Forgot to reply this ...
I think a check against enable_virt_at_load in kvm_can_support_tdx()
will work.
The call of kvm_enable_virtualization() here effectively moves
kvm_init_virtualization() out of kvm_init() when enable_tdx=1. I
wonder if it
makes more sense to refactor out kvm_init_virtualization() for non-TDX
cases
as well, i.e.,
vmx_init();
kvm_init_virtualization();
tdx_init();
kvm_init();
I'm not sure if this was ever discussed. To me, this approach is
better because
TDX code needn't handle virtualization enabling stuff. It can simply
check that
enable_virt_at_load=1, assume virtualization is enabled and needn't
disable
virtualization on errors.
I think this was briefly discussed here:
https://lore.kernel.org/all/ZrrFgBmoywk7eZYC@xxxxxxxxxx/
The disadvantage of splitting out kvm_init_virtualization() is all other
ARCHs (all non-TDX cases actually) will need to explicitly call
kvm_init_virtualization() separately.
A bonus is that on non-TDX-capable systems, hardware virtualization
won't be
toggled twice at KVM load time for no good reason.

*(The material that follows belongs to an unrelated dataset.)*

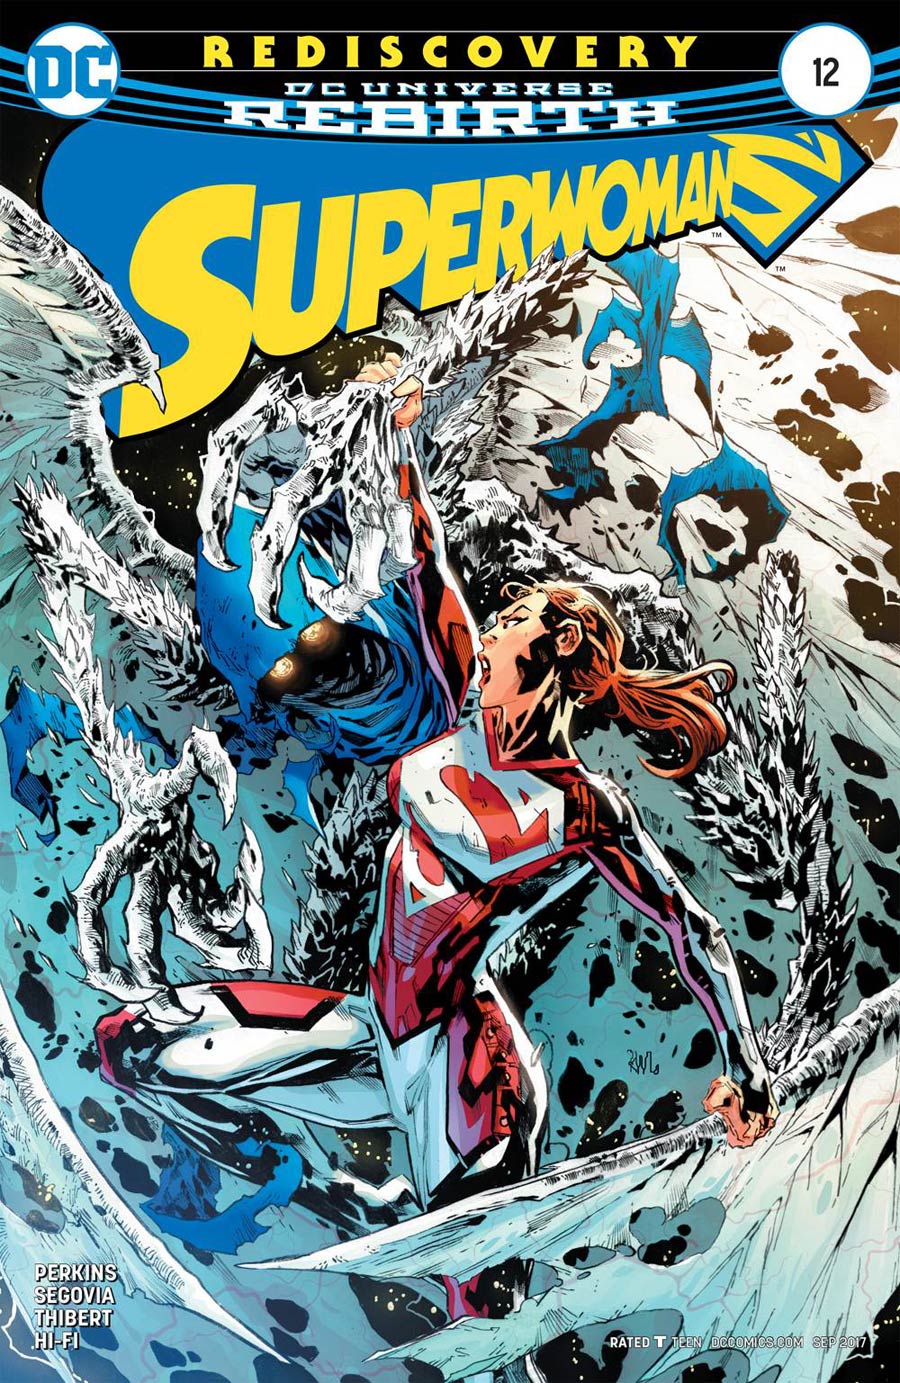 Superwoman #12

I am fine with either way.
Sean, do you have any comments?
... and yes I think we should make TDX depend on 'enable_virt_at_load'.
And by doing this, I think we can still do kvm_init_virtualization()
inside kvm_init():
'enable_virt_at_load' still reflects its behaviour -- TDX just enables
virt earlier than other cases, but it is still "enable virt at load".
It's perhaps not perfect, but it saves unneeded separate call of
kvm_init_virtualization() for other ARCHs.